Intralaboratory variations of Ct of weak-positive and strong-positive samples were not acceptable (>1.66) in 17 (7.3%) and 7 (3.0%) laboratories, respectively (FIGURE 1). A majority (62.9%) of the participating laboratories used PCR reagents produced by SDbiosensors STANDARD M nCoV Real-Time Detection Kit (93; 40.1%) and Seegene Allplex SARS-CoV-2 Assay (53; 22.8%), as shown in Supplemental Table 1. Interlaboratory variation for these 2 PCR reagents is depicted in FIGURE 2. The ranges of the Ct values of RdRp were 21–28 (SDBiosensors) and 25–30 (Seegene) for strong-positive samples and 28–35 (SDBiosensors) and 32–37 (Seegene) for weak-positive samples.

FIGURE 1. — Intralaboratory variation of cycle threshold (Ct) values of *RdRp* for strong-positive (A) and weak-positive (B) samples. Intralaboratory variation was defined as the maximum difference between Ct values of *RdRp* from the same sample in the same laboratory. Negative results for strong-positive and weak-positive samples were excluded.

FIGURE 2. — Interlaboratory variation of cycle threshold (Ct) values of *RdRp* gene along with extraction kits for laboratories using SDbiosensors reagents (n = 93) and Seegene reagents (n = 53). Strong-positive samples using SDbiosensors reagents (A) and Seegene reagents (B). Weak-positive samples using SDbiosensors reagents (C) and Seegene reagents (D). Extraction kits: 1, AdvanSure R (LG Chem); 2, Alphagene Nucleic Acid Extraction Kit (Alphagene); 3, EZ1 Advanced XL RNA Card (Qiagen); 4, Genolution Viral NA Kit (Genolution); 5, Libex Viral DNA and RNA Extraction Kit (Tianlong); 6, NucleiSens easyMAG (bioMérieux); 7, QIAamp Viral RNA Mini Kit (Qiagen); 8, QIAcube Kit (Qiagen); 9, QIAsymphony DSP Virus/Pathogen Kit (Qiagen); 10, Real-Prep Viral DNA/RNA kit (Bioneer); 11, Seegene ProPrep (Seegene); 12, Seegene STARMag (Seegene); 13, Smart LabAssist Extraction Kit (TANBead); 14, TANBead Optipure Prep (TANBead); 15, Viral Nucleic Acid (small or large) Volume Kit (Roche); 16, other kits.

Discussion

This PT study showed the performance of commonly used molecular assays for SARS-CoV-2 detection in laboratories in South Korea. The overall qualitative performance of the participating laboratories was acceptable, and intralaboratory variation was acceptable in the vast majority (89.7%). Considering the well-known variability of weak-positive samples, 97.0% of participating laboratories reported Ct values with acceptable intralaboratory variability.

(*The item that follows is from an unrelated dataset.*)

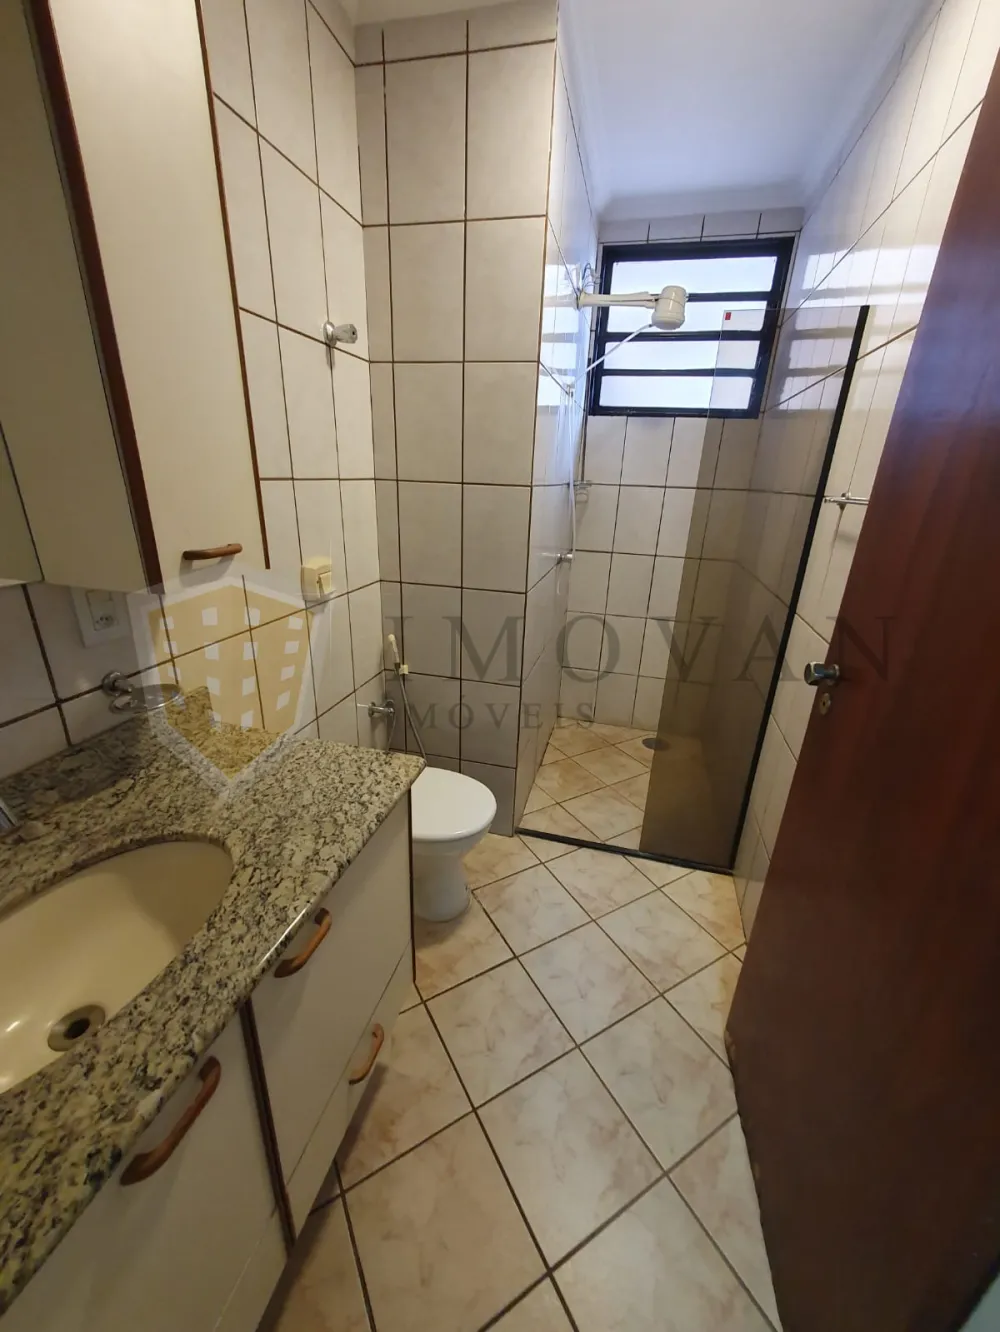 Comprar Apartamento / Padrão em Ribeirão Preto R$ 385.000,00 - Foto 11

Six false-negative results were reported in this PT. However, only 1 laboratory missed 1 weak-positive sample without positivity of any target genes; the agent used in this laboratory targeted only 2 genes, RdRp and E genes. Other cases with false-negative results of a single target could be reexamined due to positivity in another gene. In light of the continuous emergence of novel SARS-CoV-2 variants,¹² PCR reagents targeting multiple genes have advantages over those with only 2 targets considering the dropout phenomenon.^13,14 However, not only PCR reagents but also extraction and sample preparation should be rigorously reviewed for satisfactory reporting of SARS-CoV-2.

Intralaboratory variation was acceptable for most laboratories. With this finding, follow-up of the Ct value in the same institution seems reasonable. However, variability can occur even in the sample acquisition process.^10,15 Furthermore, sampling using a nasopharyngeal swab, as recommended by the Centers for Disease Control and Prevention, is very painful and difficult in some instances¹⁶; thus, Ct values obtained on the same day from the same patient can be varied even if the same protocol is performed in the same institution. Therefore, caution is required in monitoring patients with COVID-19 in the same institution.

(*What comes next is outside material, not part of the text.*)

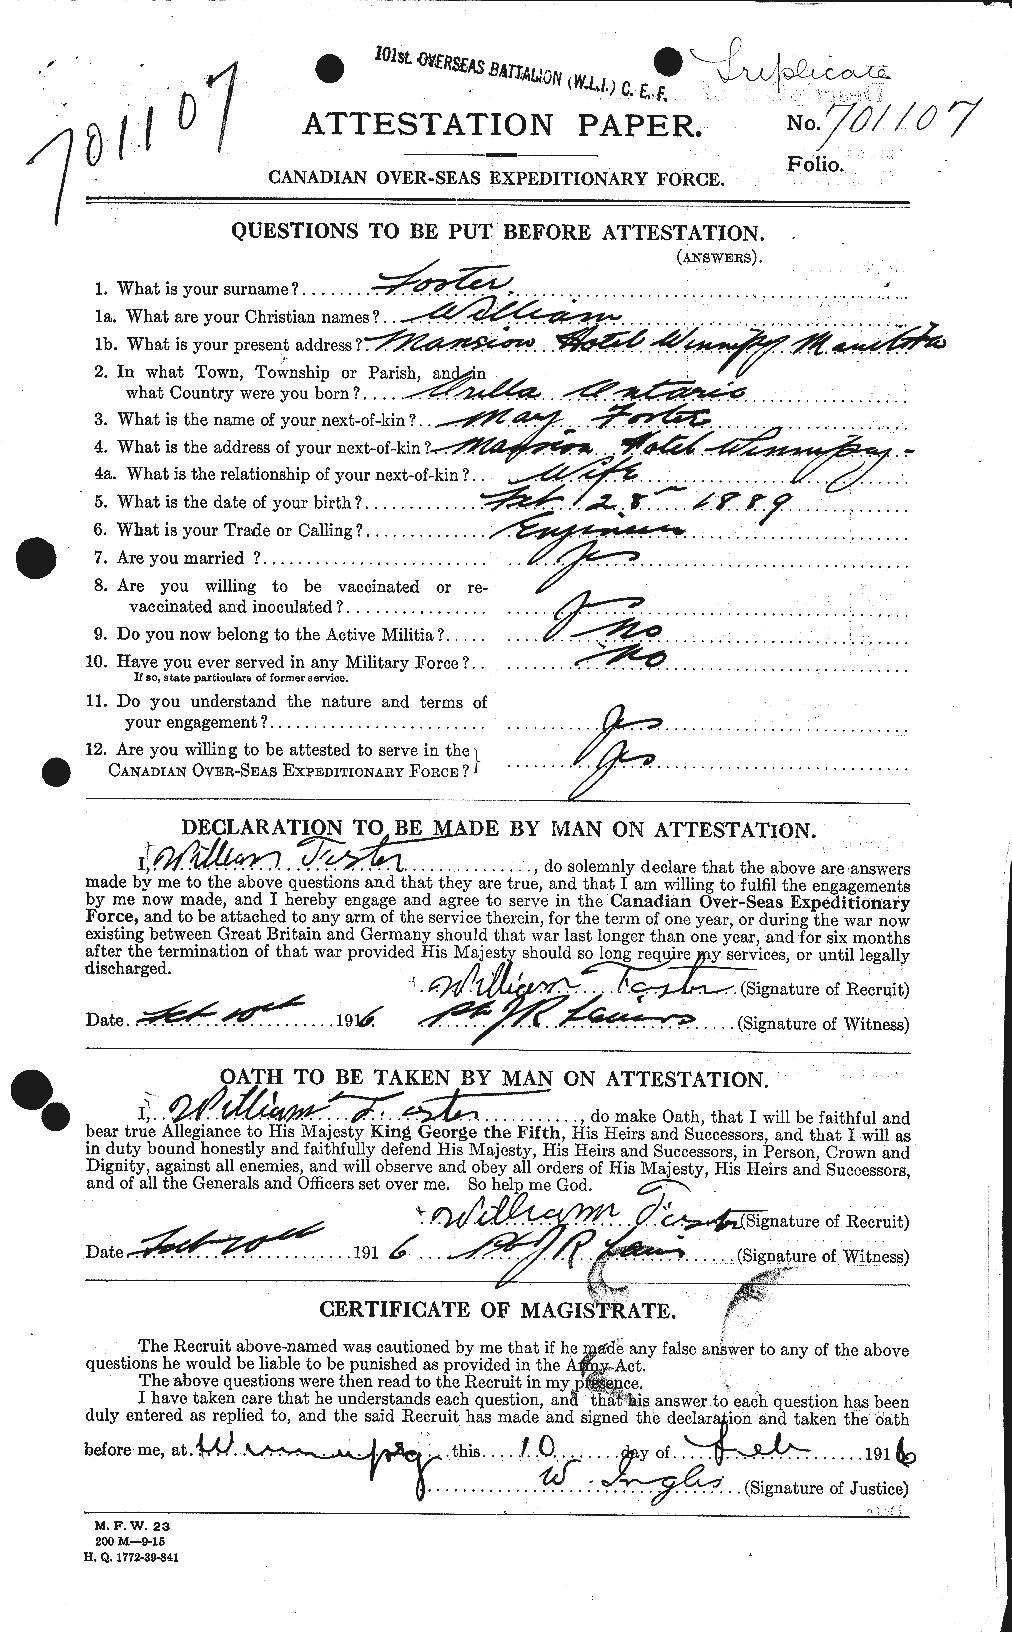 Dossiers du Personnel de la Première Guerre mondiale - CEC 328722a

Conversely, interlaboratory variation of the Ct values for the 2 commonly used PCR reagent companies were observed up to 7 cycles, as shown in FIGURE 2. Previous reports from the US and Austria^1,7,11 pointed to remarkable interlaboratory variation. One report from Austria demonstrated a Ct value range for RdRp of 25.1 to 37.7 from a single sample.¹ The study noted interassay variation, in addition to sample volume used during extractions, as a major cause for this variation.^1,11 In the present study, high interlaboratory variations between laboratories using the same reagent and extraction protocol were observed. This finding is in line with the US study,⁷ which reported an interlaboratory variation of up to 14 cycles between laboratories using the same testing systems. Therefore, we discourage clinicians from interpreting the Ct values reported from other institutions, even if the same PCR reagent was used.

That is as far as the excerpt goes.